Case Digest: Bogo-Medellin Milling vs. CA, G.R. No. 124699. July 31, 2003.

Easement

CASE TITLE: Bogo-Medellin Milling vs. CA

GR No/ Date: G.R. No. 124699. July 31, 2003.

PONENTE: Corona, J.

CASE WITH THE SC: Petition for Review on Certiorari under Rule 45

PROCEDURAL ANTECEDENTS:

  1. RTC - Complaint for payment of compensation and/or recovery of possession of real property and damages with application for restraining order or preliminary injunction;

  2. CA - Appeal

FACTS:

  • On December 9, 1935, Magdaleno Valdez, Sr. bought a parcel of unregistered land from Feliciana Santillan in Barrio Dayhagon, Medellin, Cebu.

    • He took possession of the property and declared it for tax purposes in his name.

    • Prior to the sale, Bogo-Medellin Milling Company, Inc.'s railroad tracks already traversed the land from north to south for hauling sugar cane.

  • In 1948, Magdaleno Valdez, Sr. died.

    • His heirs (Sergio Valdez, Angelina Valdez-Novabos, Teresita Argawanon-Mangubat, and Daylinda Argawanon-Melendres) inherited the land.

  • In 1965, Bomedco registered the disputed middle lot (Cadastral Lot No. 954) where the tracks lay in its name, while Lot Nos. 953 and 955 remained with the heirs.

  • In 1989, the heirs discovered Bomedco's claim and demanded an explanation and compensation, which Bomedco ignored.

  • The heirs filed a complaint for payment of compensation and/or recovery of possession of the property and damages against Bomedco.

  • RTC: Held that Bomedco acquired ownership of Lot No. 954 through acquisitive prescription, having possessed it in good faith for over 10 years.

    • Rejected Bomedco's defense of ownership due to the inadmissibility of the 1929 deed of sale (xerox copy).

  • CA: Reversed the trial court.

    • Found that Bomedco did not acquire ownership but only an easement of right of way by unopposed and continuous use.

    • Held that Bomedco's possession was in bad faith, requiring a 30-year prescriptive period to claim ownership.

    • Ruled that Bomedco's adverse possession started in 1965 and had not yet ripened into ownership by 1989.

    • Awarded compensation to the heirs for the use of the land, calculated from the time of discovery of Bomedco's adverse acts.


ISSUE:


Whether the Bomedco acquired the easement of right of way by prescription under Article 620 of the Civil Code NO

 

ARGUMENTS/LEGAL BASES  

PETITIONER

RESPONDENTS

  • Claimed ownership and possession of Cadastral Lot No. 954, allegedly purchased from Santillan in 1929.

  • Contended that the heirs' claim was barred by prescription and laches due to its open and continuous possession for over 50 years.

  • Submitted a 1929 deed of sale, tax receipts, survey plans, and testimonies in defense.

  • Asserted that Santillan granted Bomedco a 30-year railroad right of way in 1929, which expired in 1959.

  • Claimed that Valdez, Sr. respected the right of way, and they allowed Bomedco to continue using the land due to familial employment.

  • Presented the 1935 deed of sale, tax receipts, and testimonies to support their claim..

PREVAILING PARTY: Respondent

DECISION/DOCTRINE:


Extraordinary Acquisitive Prescription


Under Art. 1137 of the Civil Code


Petitioners claim of ownership through extraordinary acquisitive prescription under Article 1137 of the Civil Code cannot be sustained.


There is no dispute that the controversial strip of land has been in the continuous possession of petitioner since 1929. But possession, to constitute the foundation of a prescriptive right, must be possession under a claim of title, that is, it must be adverse. Unless coupled with the element of hostility towards the true owner, possession, however long, will not confer title by prescription.

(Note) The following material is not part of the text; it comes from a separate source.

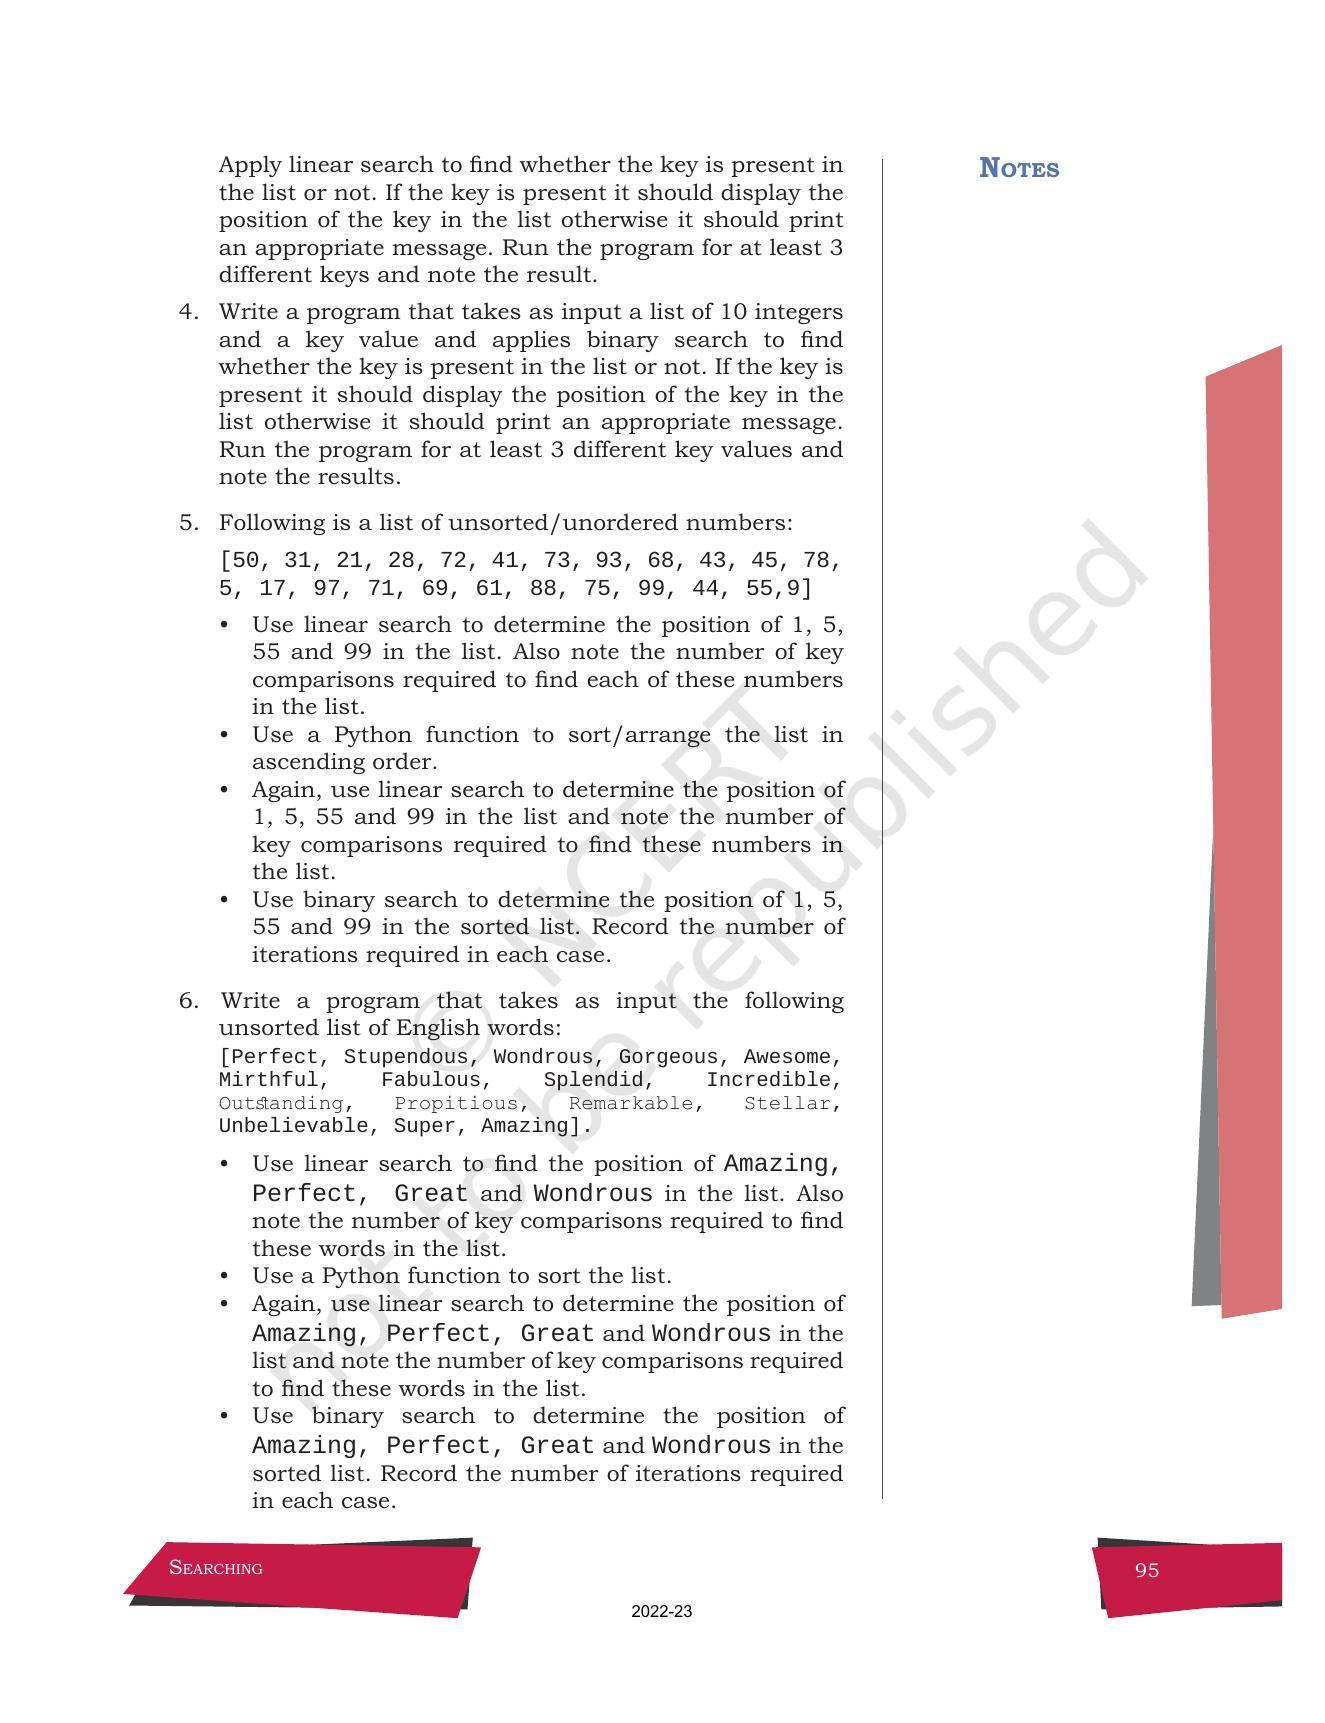 NCERT Book for Class 12 Computer Science Chapter 6 Searching - Page 15
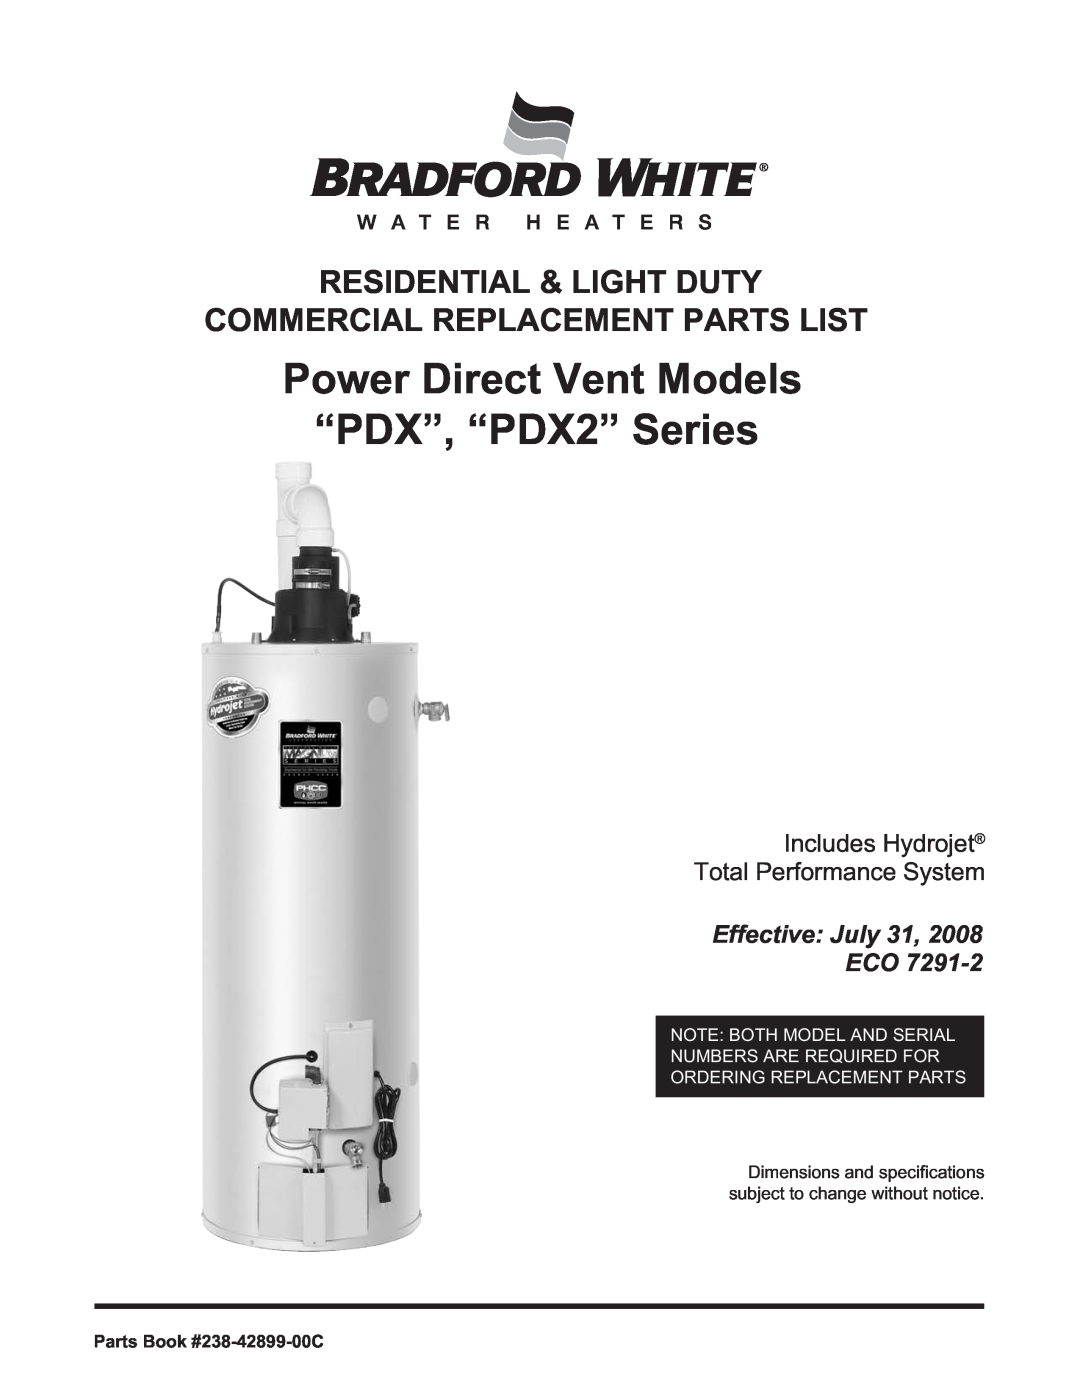 Bradford-White Corp dimensions Power Direct Vent Models “PDX”, “PDX2” Series, Effective July 31 ECO

After a careful review of the records, we are inclined to believe the version of respondent heirs that an easement of right of way was actually granted to petitioner for which reason the latter was able to occupy Cadastral Lot No. 954. We cannot disregard the fact that, for the years 1930, 1937, 1949, 1962 and 1963, petitioner unequivocally declared the property to be a central railroad right of way or sugar central railroad right of way in its real estate tax receipts when it could have declared it to be industrial land as it did for the years 1975 and 1985. Instead of indicating ownership of the lot, these receipts showed that all petitioner had was possession by virtue of the right of way granted to it. Were it not so and petitioner really owned the land, petitioner would not have consistently used the phrases central railroad right of way and sugar central railroad right of way in its tax declarations until 1963. Certainly an owner would have found no need for these phrases. A person cannot have an easement on his own land, since all the uses of an easement are fully comprehended in his general right of ownership.


While it is true that, together with a persons actual and adverse possession of the land, tax declarations constitute strong evidence of ownership of the land occupied by him, this legal precept does not apply in cases where the property is declared to be a mere easement of right of way.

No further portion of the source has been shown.